I recently acquired a 2007 Coachman Freelander Motorhome and wanted to put a AREDN node on it that could connect to anyone in the US. What equipment would be recommended. I've watched the ARDEN in the Park video and was thinking of a similar setup, just mobile. As for mounting the node on the antenna of the RV, this one came with an Omni TV Antenna so there is no mast that I have to raise to get a signal. So no where to mount the AREDN Node, except maybe on the ladder in the back. 

Also on a very important side note, why does this site not go to HTTPS mode when signing in the users? My password Vault warned me that it wasn't in secure mode when filling in my secure credentials.
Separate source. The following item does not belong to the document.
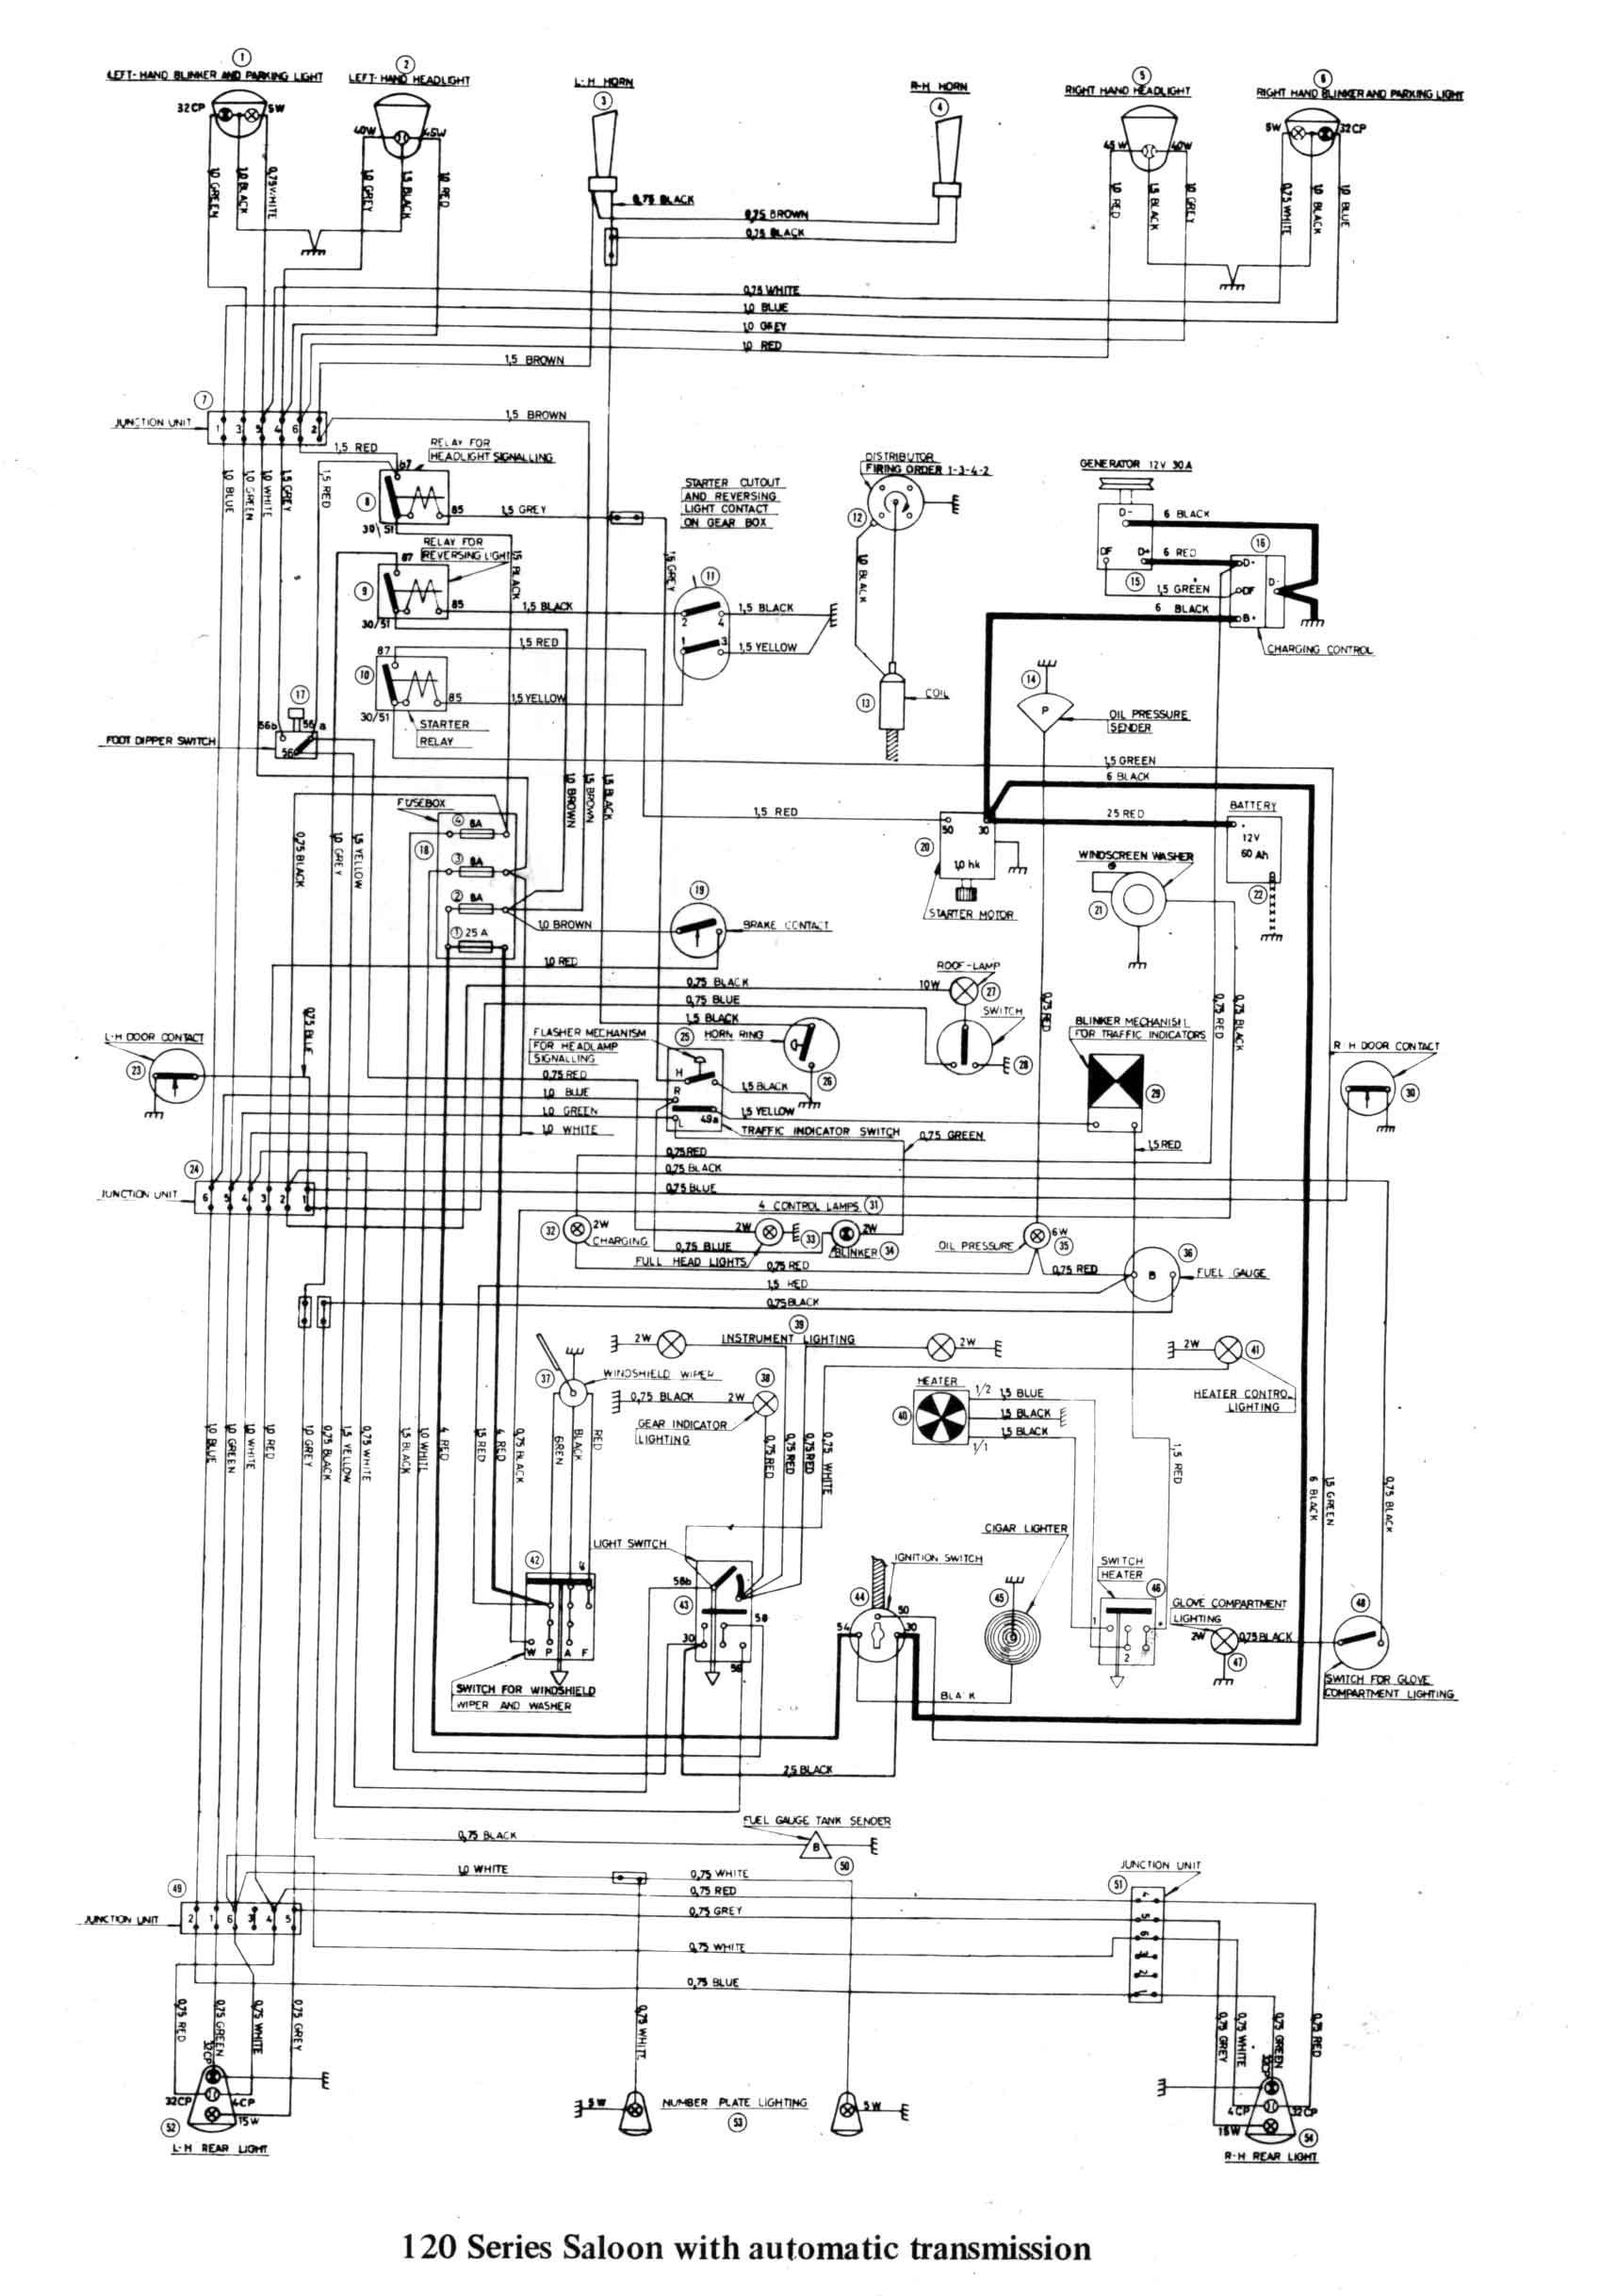 Wiring Diagram Package Ac New Wiring Diagram Package Ac New Wiring Diagram Relay Headlight

As for getting to this site from the AREDN mesh network. I didn't know you could get to the Internet from AREDN. Since that is possible, then I would still want the login process encrypted as passwords should never be in the clear text. It could be setup where the authentication process went to tls mode but the content on the site wasn't. Or you could make the front end of the site have a redirector that looks where you are coming from and takes you to the secure version when you are coming from the internet but unsecured if from AREDN, except for the login process. 

Ben (K6BKD)

K5DLQ's picture
1) for the motor home:
1) for the motor home: Ubiquiti AirRouter
2) SSL/TLS: great question.   I agree and will check with the team on this.

K5DLQ - Darryl
Note: The following is a
Note: The following is a personal opinion and in no way represents an official policy of AREDN.

As a security guy I'm very pro TLS and say no site should ever be unencrypted.

As a ham, there is some argument to leaving the site unencrypted (especially since it's got useful info for mesh) incase someone needs to get on over the mesh.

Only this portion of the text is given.